Graduating from Partizan's youth system, Vlahović made his first-team debut in 2016, winning a league title and two Serbian Cups. He moved to Italian club Fiorentina in 2018. With 21 league goals in the 2020–21 Serie A, Vlahović was awarded Serie A Best Young Player. After an impressive goalscoring form in the first half of 2021–22, Italian rivals Juventus signed him in January 2022 for a reported fee of €70 million.

Vlahović is a former Serbia youth international, representing his country at various youth levels, before making his senior international debut in 2020 during the UEFA Nations League.

Club career

Early career 
Born in Belgrade, Vlahović started playing football in the Altina Zemun football school, where he competed mostly with older players. Shortly after, he joined OFK Beograd's youth system for three months, and also made one appearance for Red Star Belgrade.

Partizan 
In summer 2014, Vlahović ended up joining rivals Partizan. He signed his first professional contract with Partizan in 2015, only aged 15. In early 2016, Vlahović joined the first team under coach Ivan Tomić and was given the jersey number 9. He made his Serbian SuperLiga debut on 21 February against OFK Beograd, as the Partizan's youngest debutant in history. In the next fixture, played on 27 February, Vlahović became the youngest player to play the Eternal derby, in which he was substituted on for the beginning of the second half.
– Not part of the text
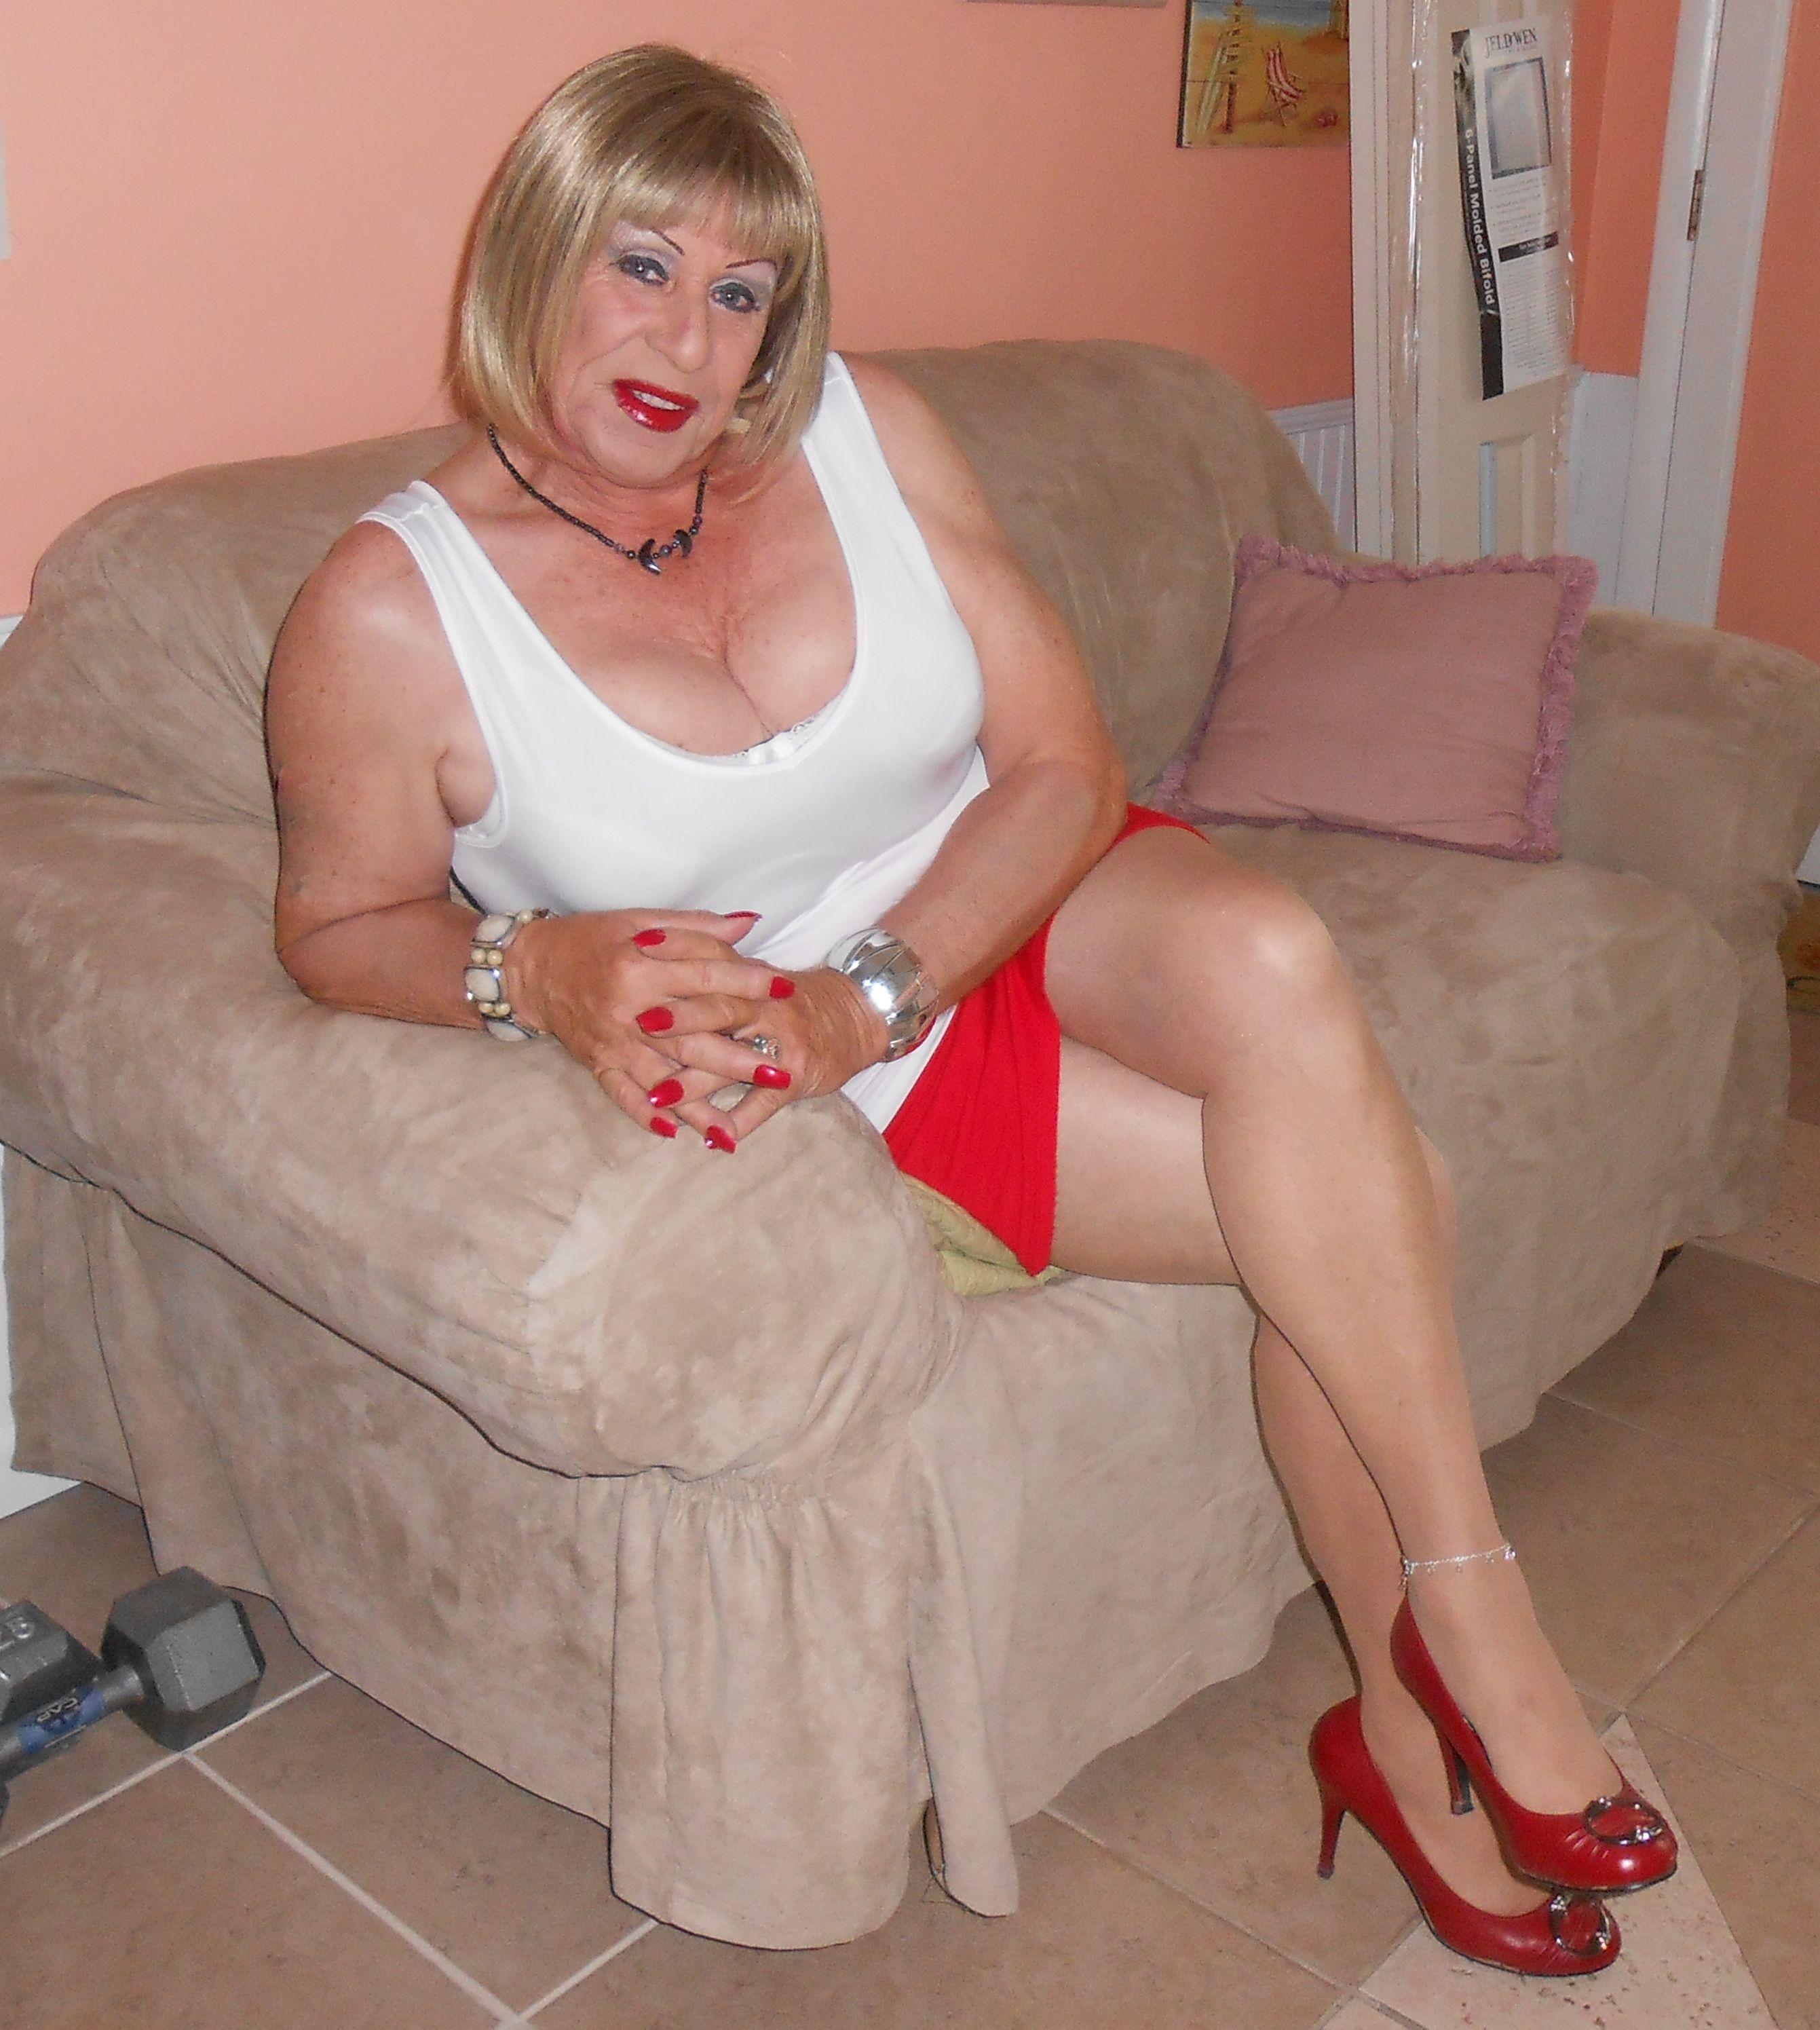 Big blonde bondage tit

On 2 April, Vlahović scored his first career goal for Partizan against Radnik Surdulica in a 3–2 home win, and became the youngest scorer in club history. He also scored a goal in a semi-final cup match against Spartak Subotica on 20 April, winning 3–0 away. He was scouted by a number of established European teams, including Arsenal, Anderlecht and Juventus with Partizan declining all offers. Vlahović scored a goal in the 2015–16 Serbian Cup final against Javor Ivanjica, helping his side win 2–0.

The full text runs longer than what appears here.